**Data to examine:**

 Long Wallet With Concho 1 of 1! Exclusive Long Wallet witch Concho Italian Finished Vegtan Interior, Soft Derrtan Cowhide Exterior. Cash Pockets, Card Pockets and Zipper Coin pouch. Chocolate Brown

...

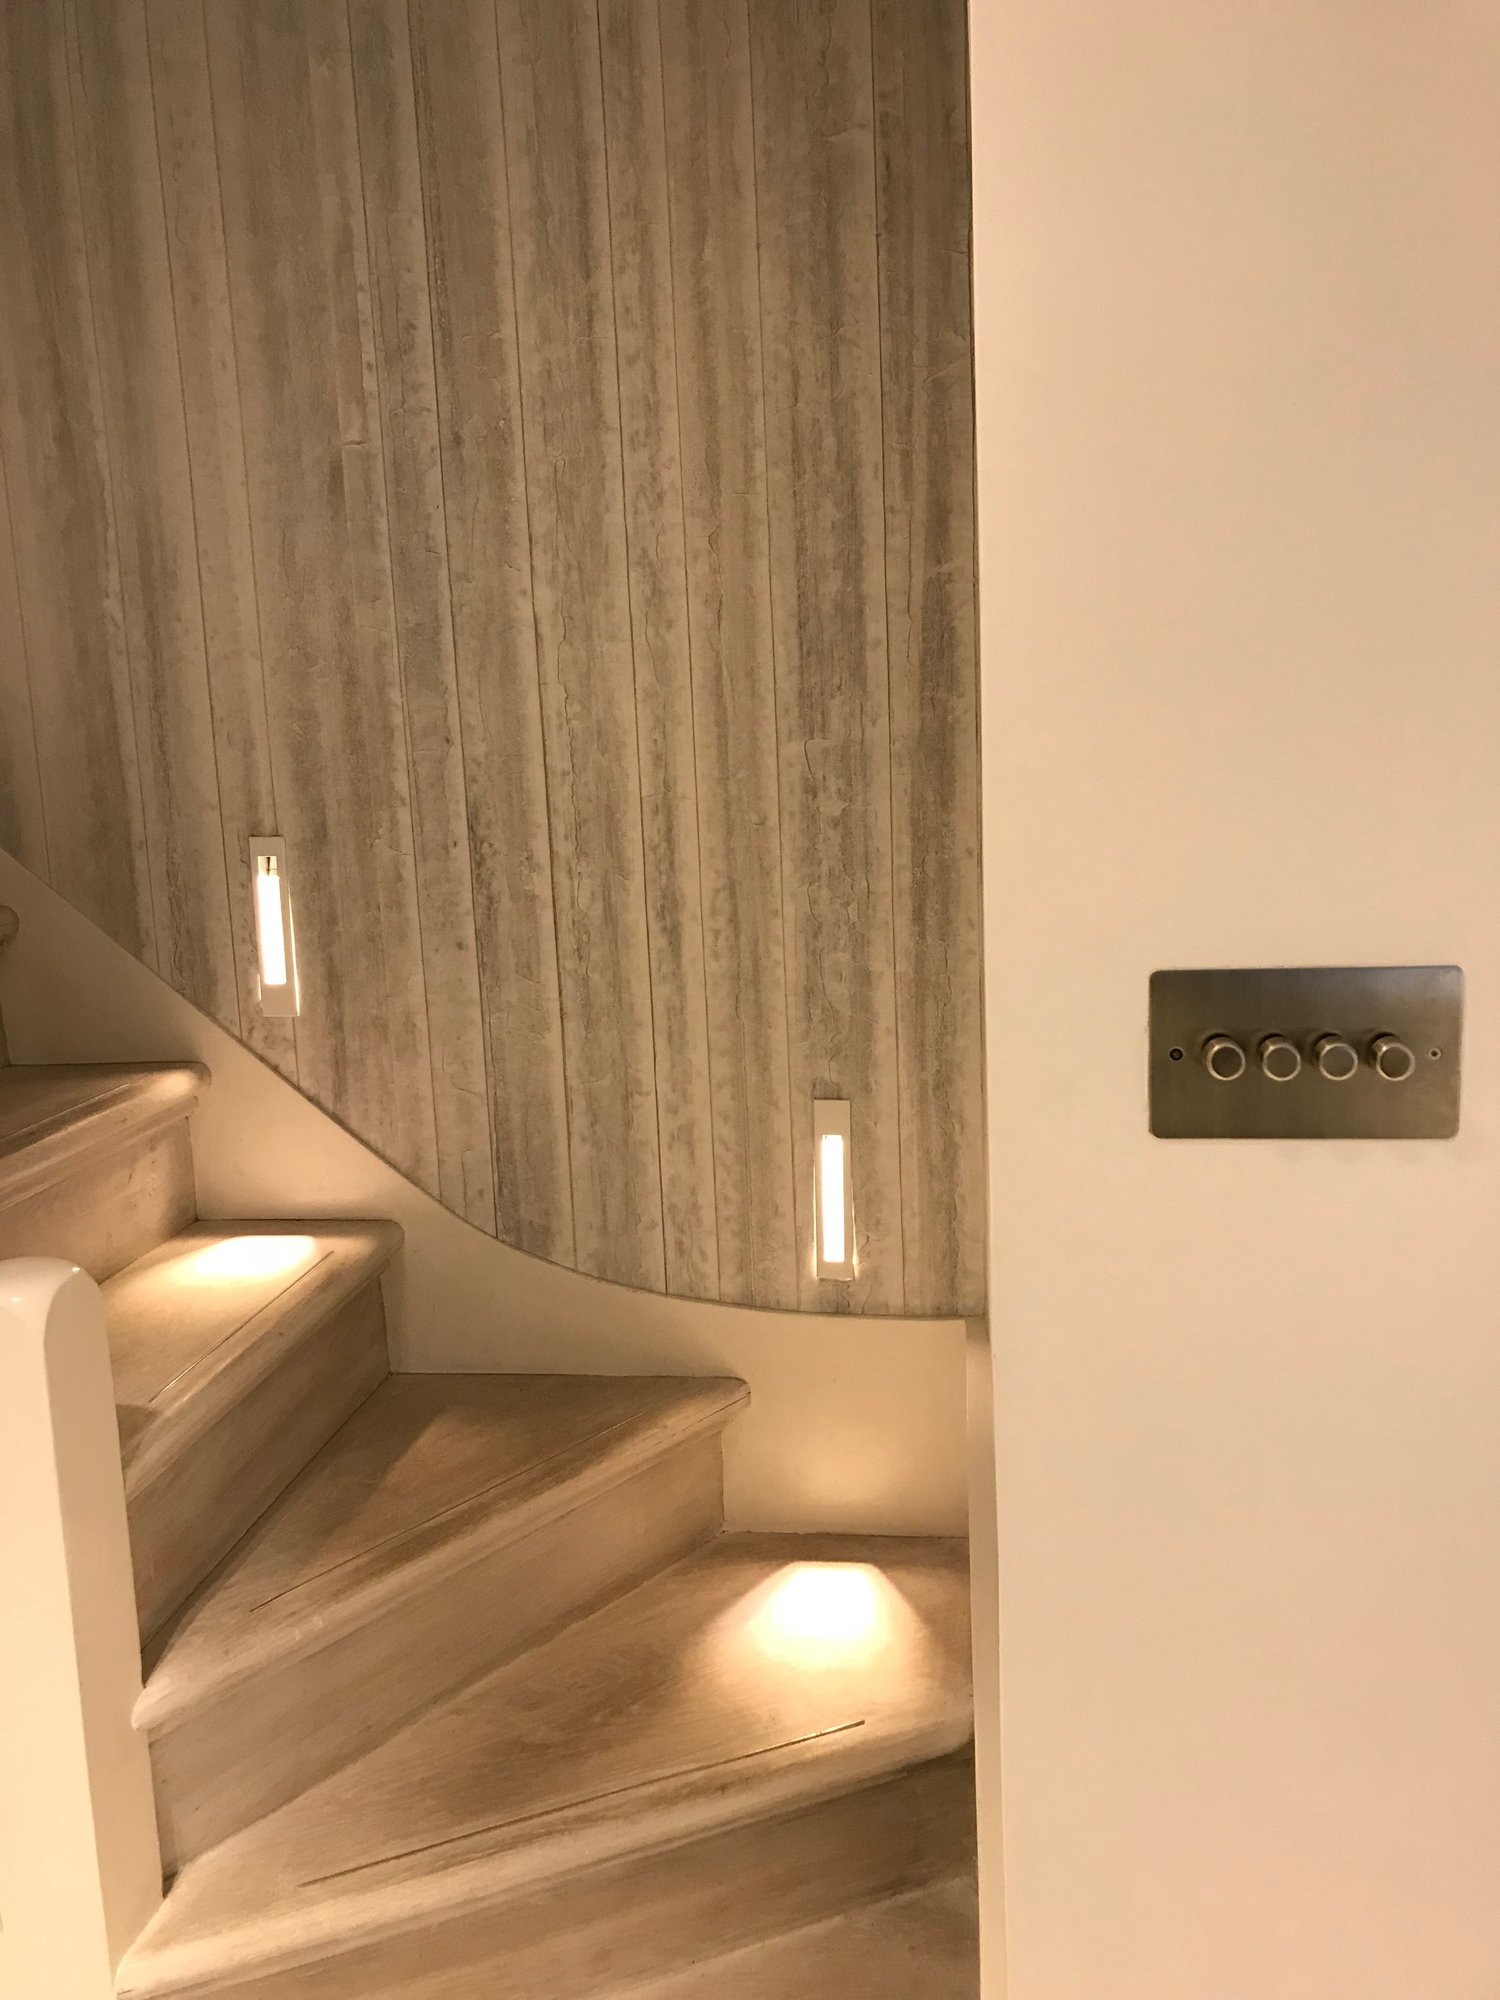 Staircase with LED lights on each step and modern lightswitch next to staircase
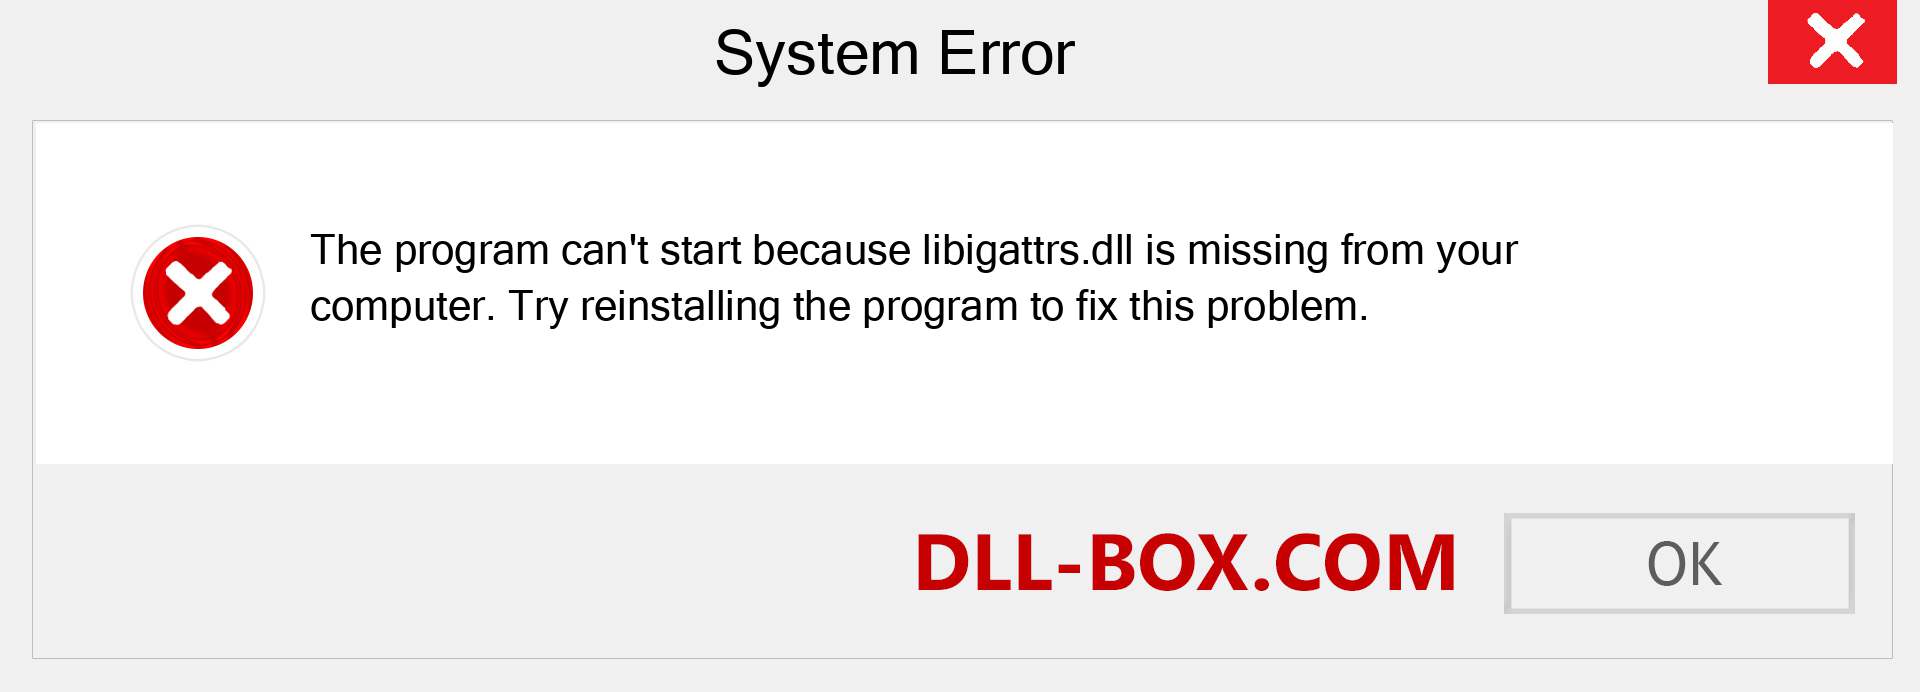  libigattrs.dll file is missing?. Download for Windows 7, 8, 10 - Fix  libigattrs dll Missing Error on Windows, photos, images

**Task requirements:** Could you transcribe exactly the entries above, but only the lines from the one with "Staircase with LED" through the one with "libigattrs.dll file is", and without pictures?

**Worked solution:**
 Staircase with LED lights on each step and modern lightswitch next to staircase
  libigattrs.dll file is missing?. Download for Windows 7, 8, 10 - Fix  libigattrs dll Missing Error on Windows, photos, images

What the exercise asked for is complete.